Recorded information -

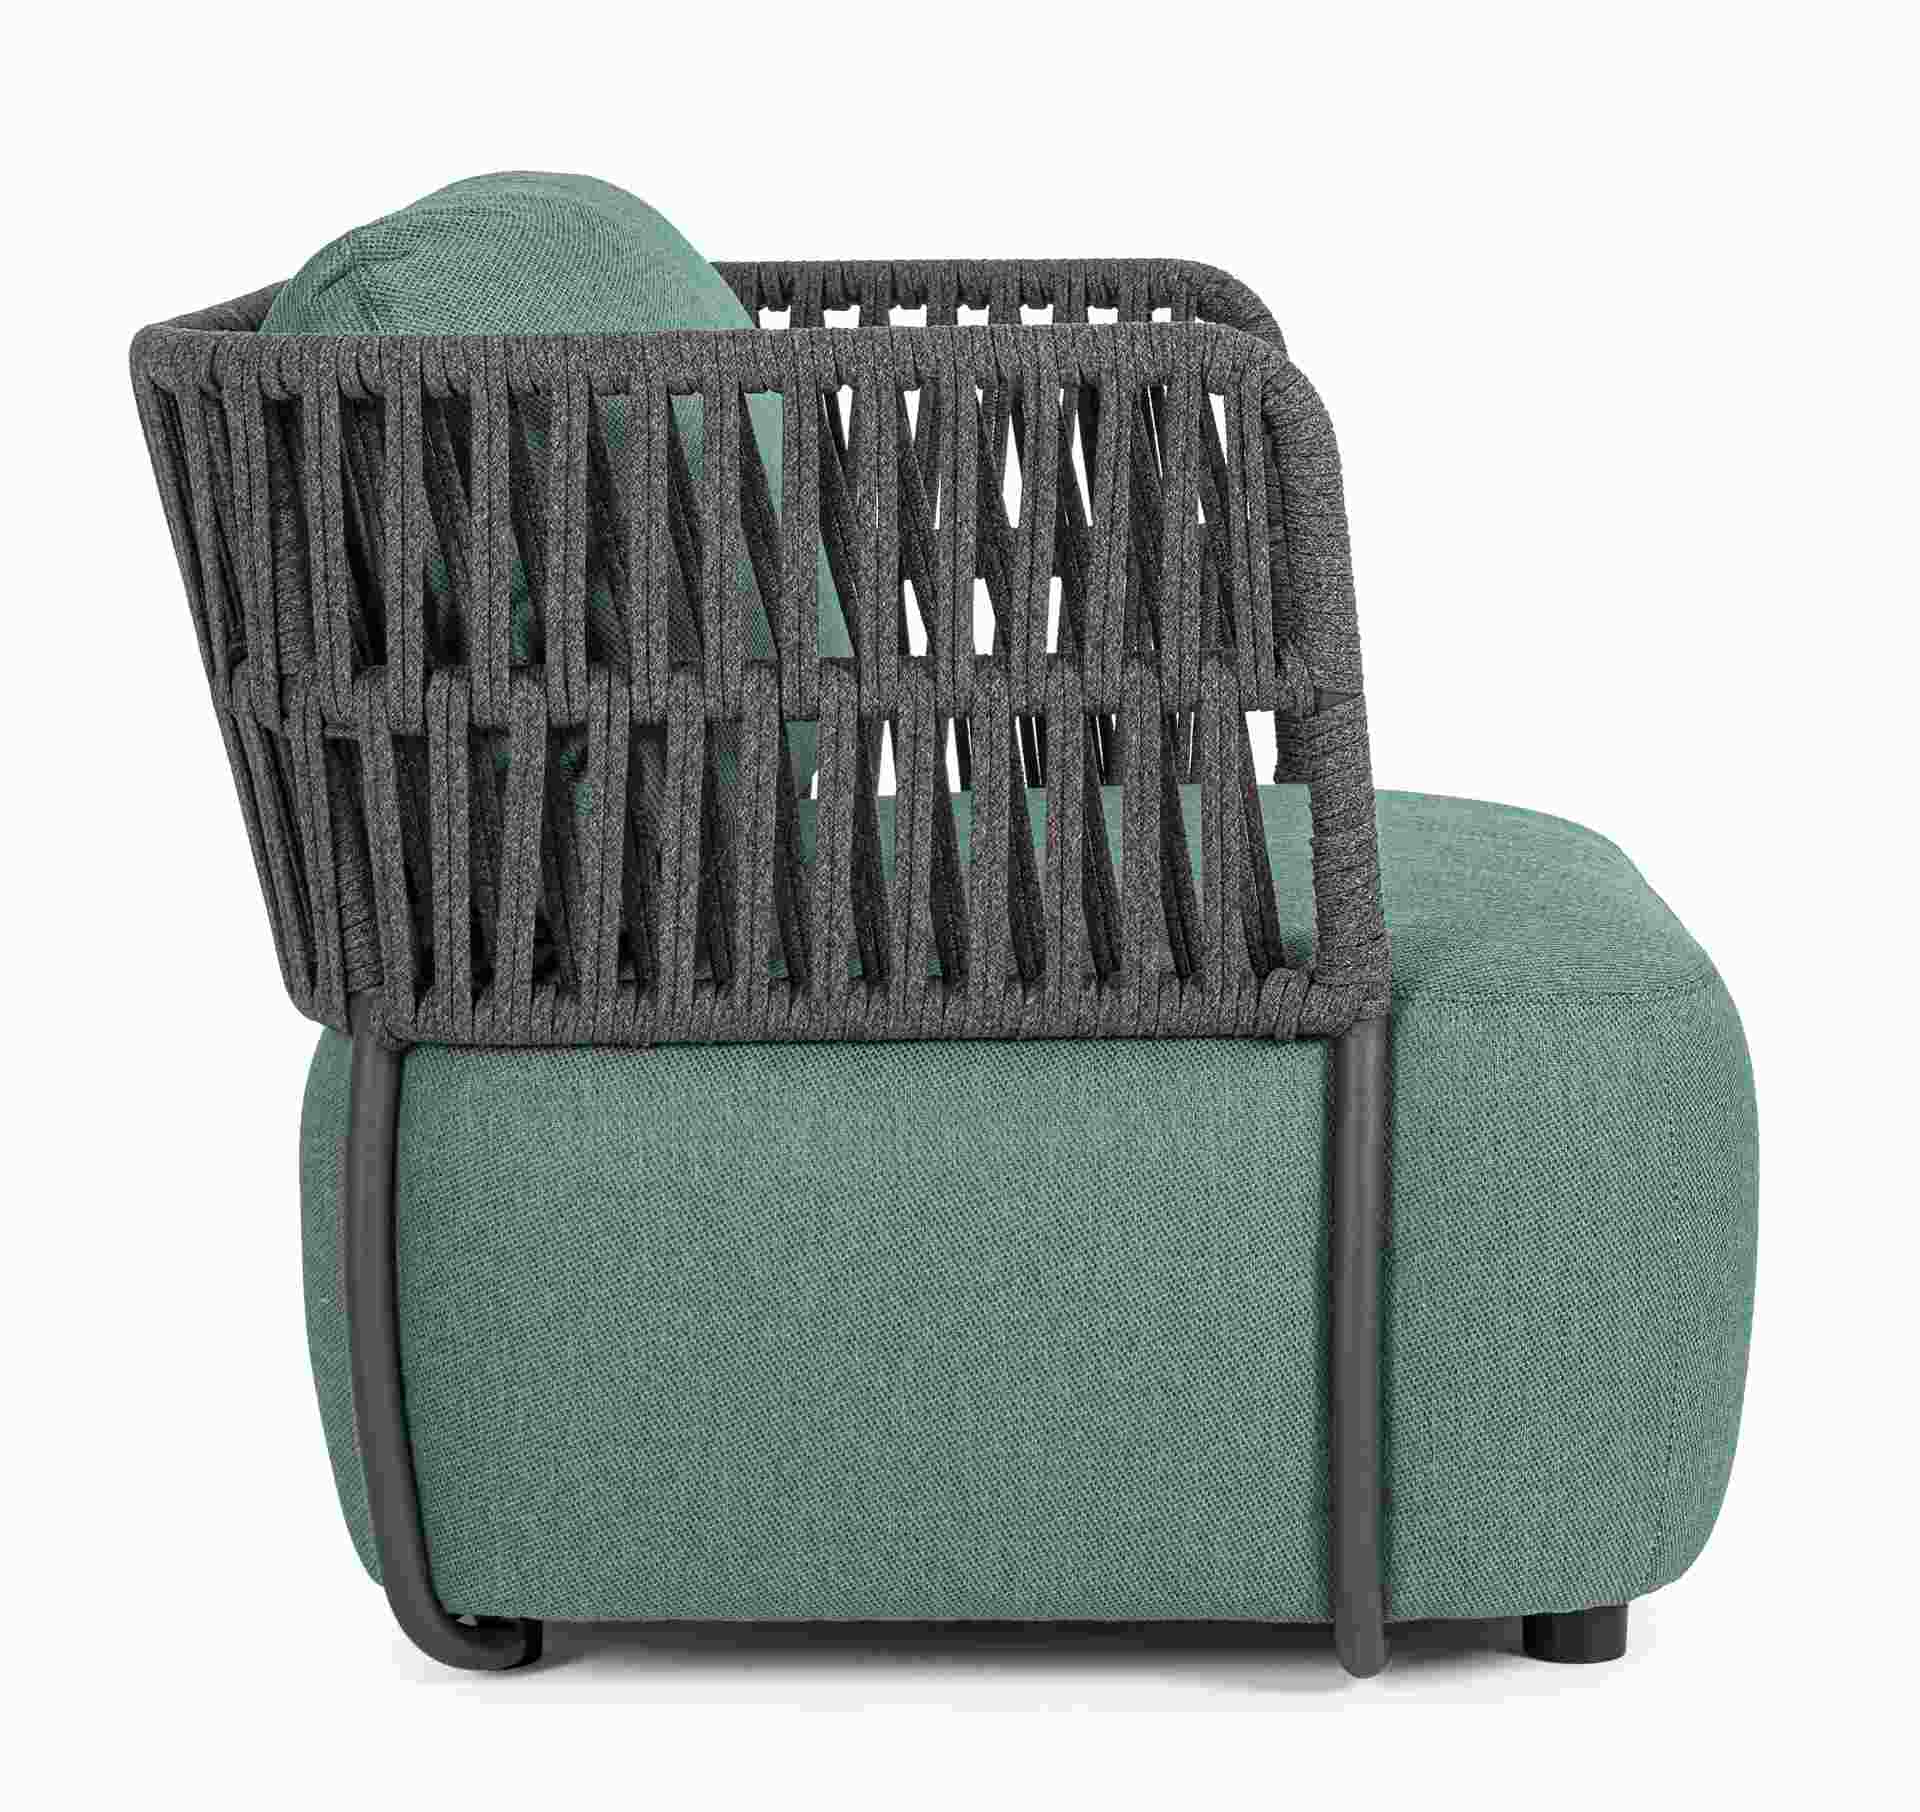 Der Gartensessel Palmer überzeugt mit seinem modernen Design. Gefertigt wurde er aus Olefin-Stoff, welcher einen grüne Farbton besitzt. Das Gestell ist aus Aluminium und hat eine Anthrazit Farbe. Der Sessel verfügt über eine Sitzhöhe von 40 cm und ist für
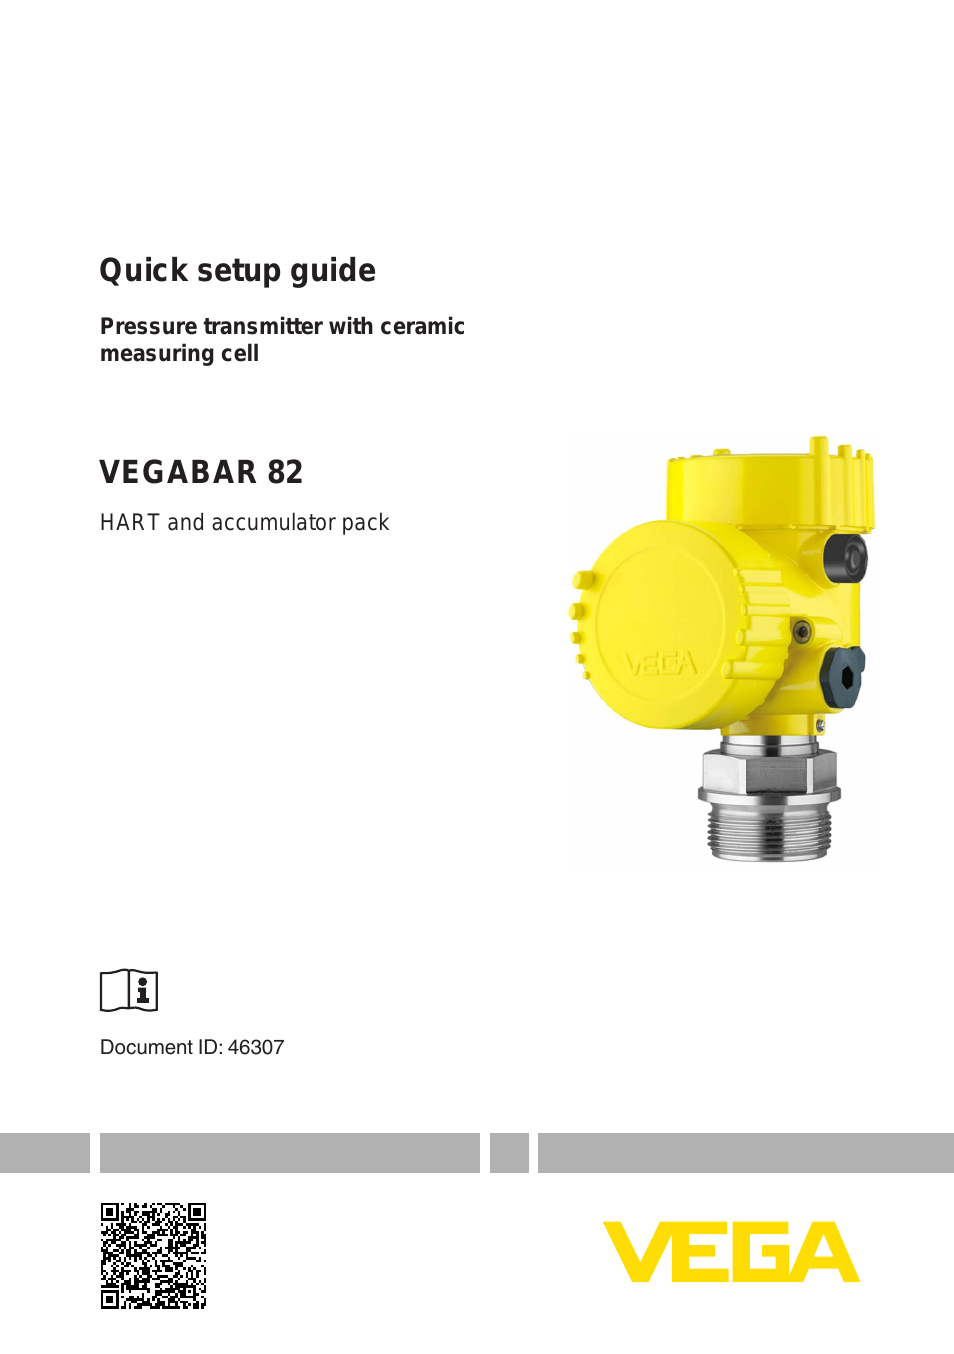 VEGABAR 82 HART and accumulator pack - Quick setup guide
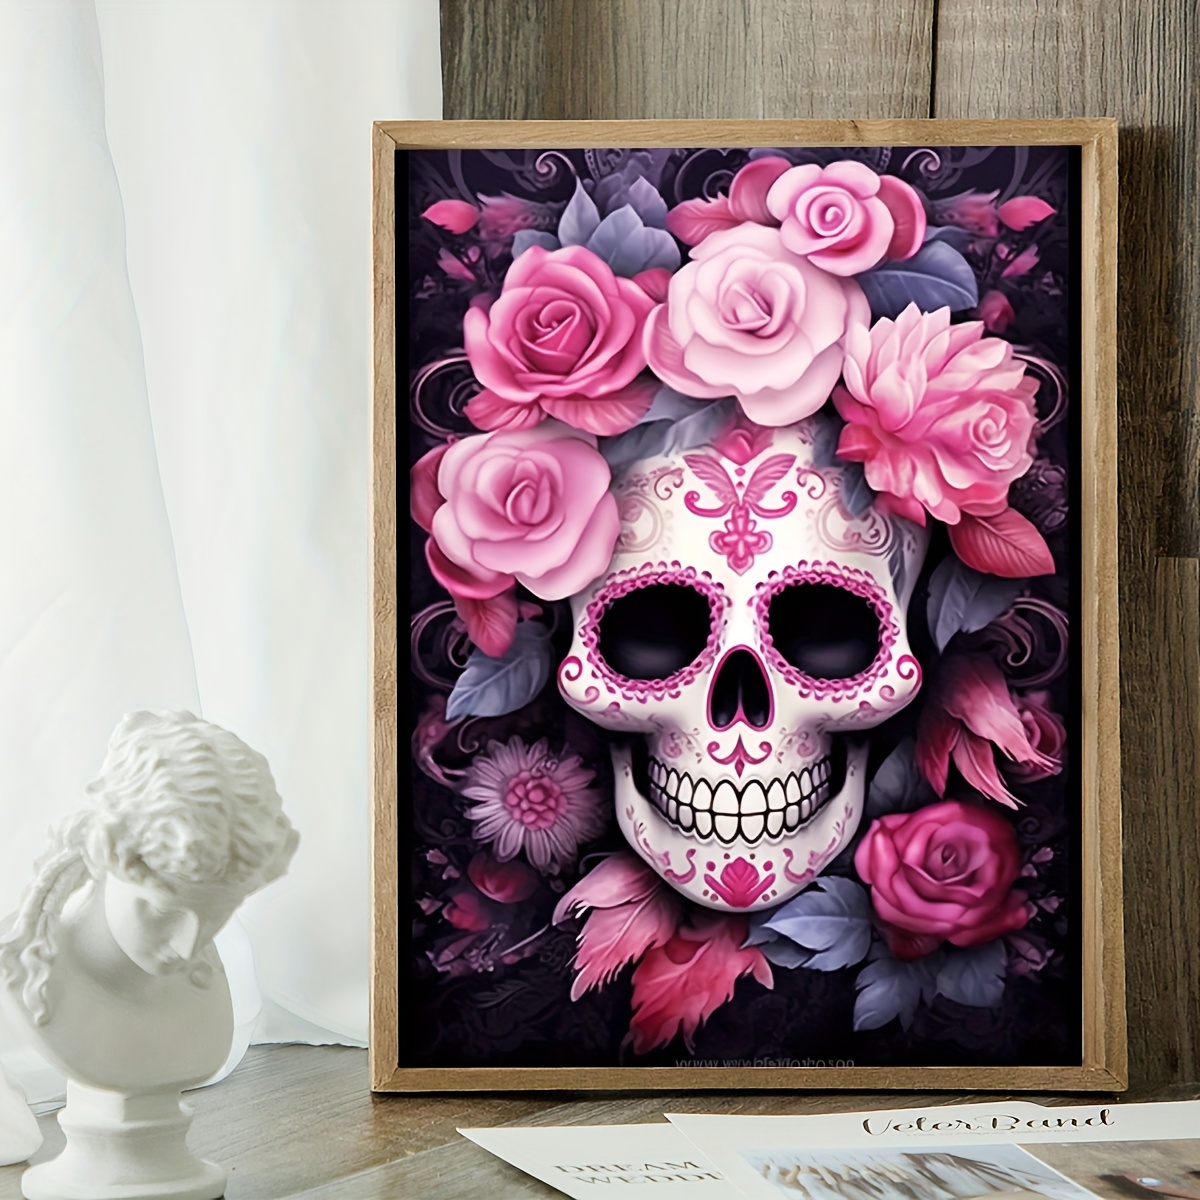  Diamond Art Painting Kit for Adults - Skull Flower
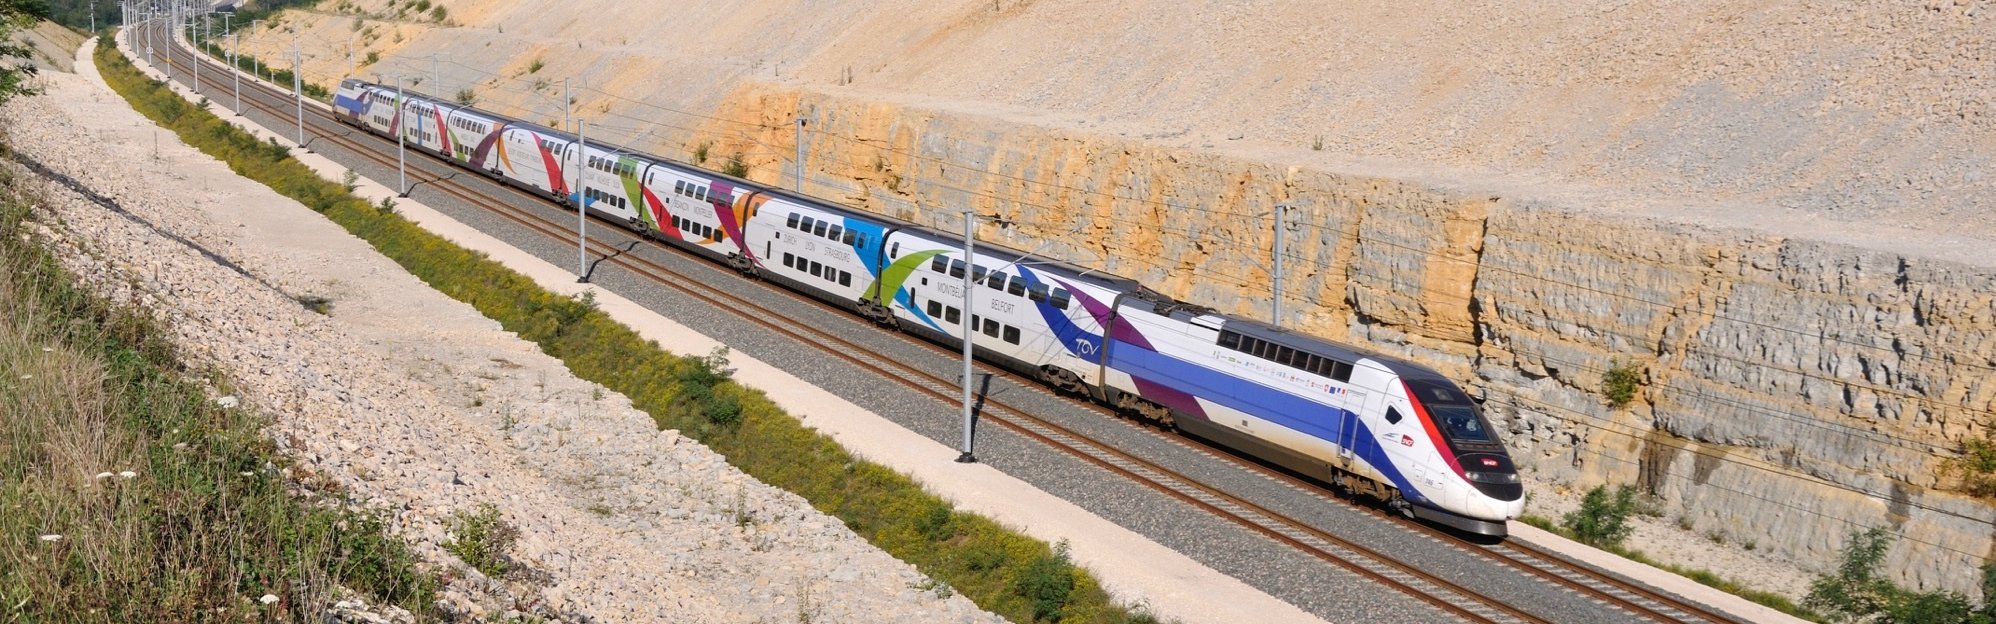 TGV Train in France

Problem statement -
Would you output the listing above verbatim, without its pictures?

Result for this task -
 Der Gartensessel Palmer überzeugt mit seinem modernen Design. Gefertigt wurde er aus Olefin-Stoff, welcher einen grüne Farbton besitzt. Das Gestell ist aus Aluminium und hat eine Anthrazit Farbe. Der Sessel verfügt über eine Sitzhöhe von 40 cm und ist für
 VEGABAR 82 HART and accumulator pack - Quick setup guide
  Diamond Art Painting Kit for Adults - Skull Flower
 TGV Train in France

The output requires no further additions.